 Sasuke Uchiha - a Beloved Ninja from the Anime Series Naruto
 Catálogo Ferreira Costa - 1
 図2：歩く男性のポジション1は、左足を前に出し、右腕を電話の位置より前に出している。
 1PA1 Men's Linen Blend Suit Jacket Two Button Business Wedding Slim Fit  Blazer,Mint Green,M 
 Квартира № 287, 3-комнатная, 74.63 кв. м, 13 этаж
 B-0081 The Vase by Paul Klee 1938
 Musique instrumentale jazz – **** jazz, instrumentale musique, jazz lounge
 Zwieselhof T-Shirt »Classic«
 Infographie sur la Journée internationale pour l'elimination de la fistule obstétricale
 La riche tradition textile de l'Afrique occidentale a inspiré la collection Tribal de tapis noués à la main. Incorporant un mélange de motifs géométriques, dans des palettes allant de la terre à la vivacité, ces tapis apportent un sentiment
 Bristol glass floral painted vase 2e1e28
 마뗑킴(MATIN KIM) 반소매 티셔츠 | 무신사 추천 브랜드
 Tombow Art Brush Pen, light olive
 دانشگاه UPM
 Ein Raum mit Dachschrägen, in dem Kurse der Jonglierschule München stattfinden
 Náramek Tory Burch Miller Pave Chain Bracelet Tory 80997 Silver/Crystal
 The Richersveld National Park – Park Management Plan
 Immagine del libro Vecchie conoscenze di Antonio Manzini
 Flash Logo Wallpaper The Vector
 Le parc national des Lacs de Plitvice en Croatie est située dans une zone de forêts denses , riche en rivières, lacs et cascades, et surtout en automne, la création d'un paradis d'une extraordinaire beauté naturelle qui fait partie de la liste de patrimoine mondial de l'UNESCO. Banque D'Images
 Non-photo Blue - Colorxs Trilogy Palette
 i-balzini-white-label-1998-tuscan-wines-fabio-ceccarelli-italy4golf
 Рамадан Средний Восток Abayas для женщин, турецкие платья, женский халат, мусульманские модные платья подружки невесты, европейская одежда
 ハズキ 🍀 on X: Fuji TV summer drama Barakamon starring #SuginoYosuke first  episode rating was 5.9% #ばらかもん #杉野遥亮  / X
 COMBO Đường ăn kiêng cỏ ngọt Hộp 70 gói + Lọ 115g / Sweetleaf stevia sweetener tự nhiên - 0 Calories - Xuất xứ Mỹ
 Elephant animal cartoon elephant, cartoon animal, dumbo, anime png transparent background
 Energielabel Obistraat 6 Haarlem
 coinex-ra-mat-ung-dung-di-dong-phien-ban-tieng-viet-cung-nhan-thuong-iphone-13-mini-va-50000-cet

-------

Every record needs to be written out again, exactly as it was given.

 Sasuke Uchiha - a Beloved Ninja from the Anime Series Naruto
 Catálogo Ferreira Costa - 1
 図2：歩く男性のポジション1は、左足を前に出し、右腕を電話の位置より前に出している。
 1PA1 Men's Linen Blend Suit Jacket Two Button Business Wedding Slim Fit  Blazer,Mint Green,M 
 Квартира № 287, 3-комнатная, 74.63 кв. м, 13 этаж
 B-0081 The Vase by Paul Klee 1938
 Musique instrumentale jazz – **** jazz, instrumentale musique, jazz lounge
 Zwieselhof T-Shirt »Classic«
 Infographie sur la Journée internationale pour l'elimination de la fistule obstétricale
 La riche tradition textile de l'Afrique occidentale a inspiré la collection Tribal de tapis noués à la main. Incorporant un mélange de motifs géométriques, dans des palettes allant de la terre à la vivacité, ces tapis apportent un sentiment
 Bristol glass floral painted vase 2e1e28
 마뗑킴(MATIN KIM) 반소매 티셔츠 | 무신사 추천 브랜드
 Tombow Art Brush Pen, light olive
 دانشگاه UPM
 Ein Raum mit Dachschrägen, in dem Kurse der Jonglierschule München stattfinden
 Náramek Tory Burch Miller Pave Chain Bracelet Tory 80997 Silver/Crystal
 The Richersveld National Park – Park Management Plan
 Immagine del libro Vecchie conoscenze di Antonio Manzini
 Flash Logo Wallpaper The Vector
 Le parc national des Lacs de Plitvice en Croatie est située dans une zone de forêts denses , riche en rivières, lacs et cascades, et surtout en automne, la création d'un paradis d'une extraordinaire beauté naturelle qui fait partie de la liste de patrimoine mondial de l'UNESCO. Banque D'Images
 Non-photo Blue - Colorxs Trilogy Palette
 i-balzini-white-label-1998-tuscan-wines-fabio-ceccarelli-italy4golf
 Рамадан Средний Восток Abayas для женщин, турецкие платья, женский халат, мусульманские модные платья подружки невесты, европейская одежда
 ハズキ 🍀 on X: Fuji TV summer drama Barakamon starring #SuginoYosuke first  episode rating was 5.9% #ばらかもん #杉野遥亮  / X
 COMBO Đường ăn kiêng cỏ ngọt Hộp 70 gói + Lọ 115g / Sweetleaf stevia sweetener tự nhiên - 0 Calories - Xuất xứ Mỹ
 Elephant animal cartoon elephant, cartoon animal, dumbo, anime png transparent background
 Energielabel Obistraat 6 Haarlem
 coinex-ra-mat-ung-dung-di-dong-phien-ban-tieng-viet-cung-nhan-thuong-iphone-13-mini-va-50000-cet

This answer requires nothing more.